Pastor Byron's message spoke to my heart. You have no idea how many times I have had flash backs and red-flag reminders and yet I still hardened my heart towards the situation. What a stubborn mule I am at times.

Sometimes God wants us to move. We are expected to move. He can't do it for us; otherwise we would be nothing more than spoiled children. Which is exactly what I was acting like. I was behaving like a spoiled-rotten, good for nothing brat. In that, I wasn't willing to move. I was throwing a spiritual temper tantrum while expecting God to give me what I wanted; yet I was unwilling to give Him what He wanted, my heart, my feelings, my attention, my hurt, my pain. In my unwillingness, I couldn't see the forest through the trees. I knew they were there, but I just couldn't see them.

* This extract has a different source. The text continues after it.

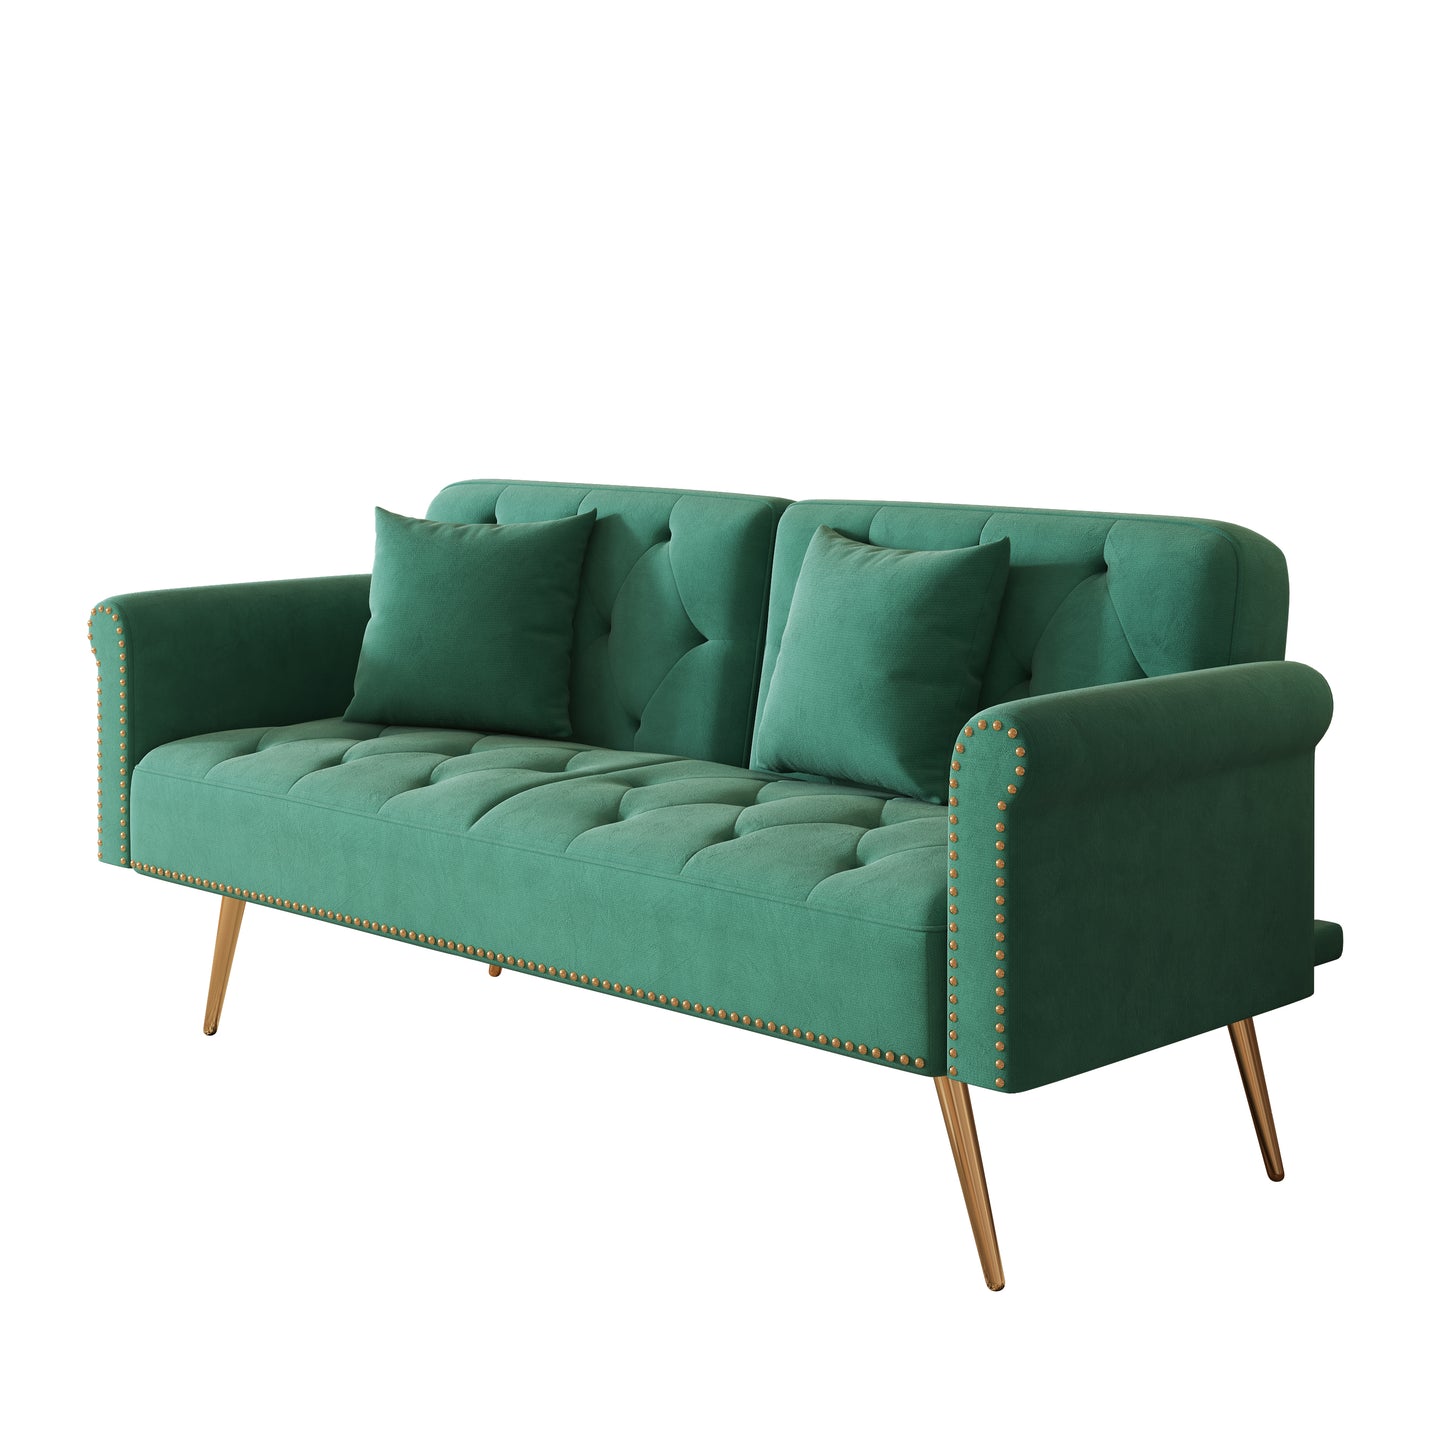 69.7 "green velvet nail head sofa bed with throw pillow

After this morning, I see them. I have chosen to forgive. I will choose to forgive as often as necessary in order for God to restore that which was broken; my heart.

Thank you Boyd Bailey for your daily messages. They speak to me, even days later.
Thank you Dr. Wilcox for your nurturing words of wisdom.

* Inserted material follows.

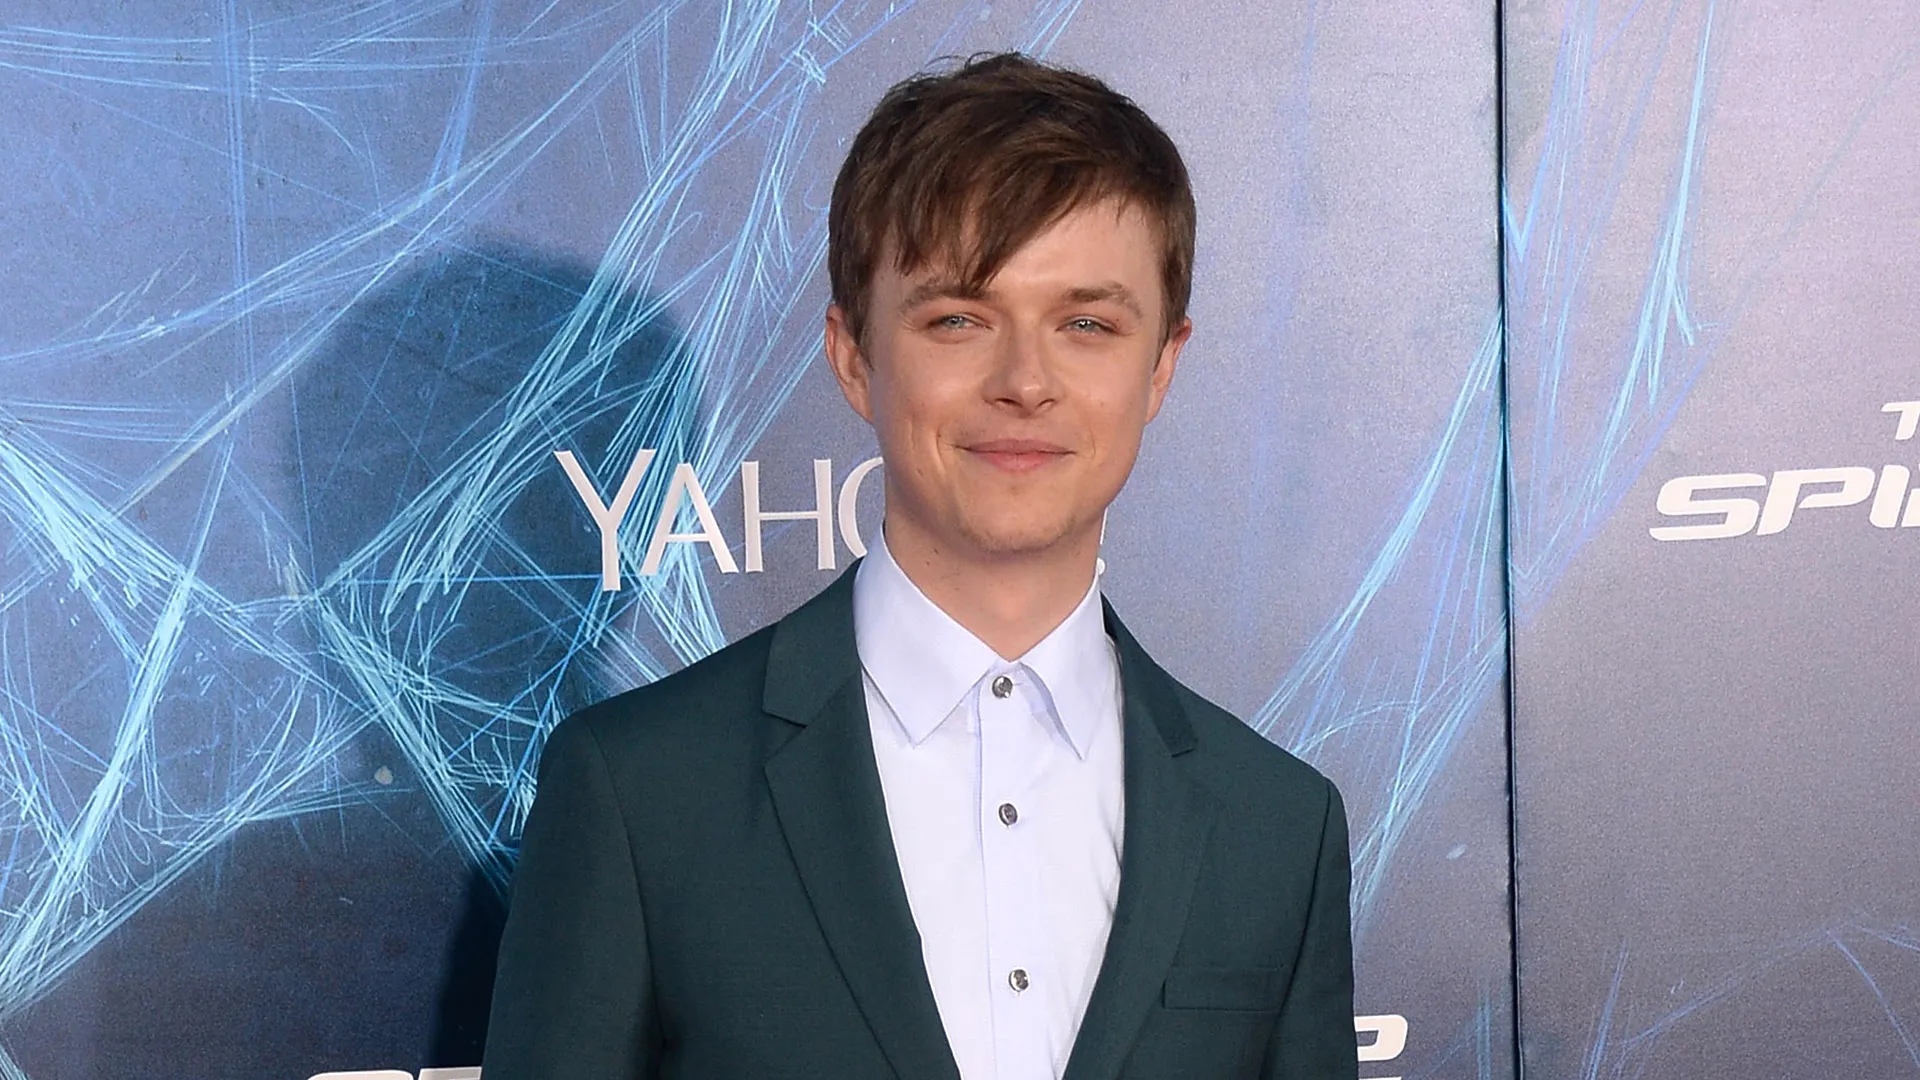 17 Enigmatic Facts About Dane DeHaan - Facts.net

Thank you Pastor Byron for your willingness to communicate the difficult to the difficult regarding the most difficult. Every drive by will be met by a choice; every moment relived I will choose to forgive.


Thank you to my fellow believer for hurting me. Thank you for using me. Through you, I have had the opportunity to trust God, trust you or trust myself and my own feelings. Through you, I have had the chance to revisit forgiveness and taste the pain and resentment as well as the Lord's goodness. Through this, I have had anger and bitterness and yuck. I am glad and praise God; for if it not for this, as hard as it is for me to write this now - without stopping to ask forgiveness and to forgive you, I may have never learned the importance; the necessecity of forgiveness.


Thank you God for following me; stalking me. Thank you for allowing pain and hurt in my life. Thank you for lessons learned. Thank you for the tears and heartache. Thank you for the bitterness and resentment; the hostility and anxiety. Thank you for restoration and peace. Thank you for the damage done and the repairs underway. Thank you for the chance to be used and abused in order to run to you, next time, rather than run from you.

II Corinthians 4:7-8; 15-18
But we have this treasure in jars of clay to show that this all‑surpassing power is from God and not from us. We are hard pressed on every side, but not crushed; perplexed, but not in despair; persecuted, but not abandoned; struck down, but not destroyed.
All this is for your benefit, so that the grace that is reaching more and more people may cause thanksgiving to overflow to the glory of God. Therefore we do not lose heart. Though outwardly we are wasting away, yet inwardly we are being renewed day by day. For our light and momentary troubles are achieving for us an eternal glory that far outweighs them all. So we fix our eyes not on what is seen, but on what is unseen. For what is seen is temporary, but what is unseen is eternal.



2 comments:

Anonymous said...

Now I know why my India Arie song made you cry. I'm sorry for your pain right now. I'll be praying for you in your process.

Anonymous said...

I'm so sorry that happened to you- It's so sad when a person's willingness to help leads to betrayal. Thank goodness for forgiveness. Praying for you- I know it'll be something that takes work but re-live and forgive! Love ya!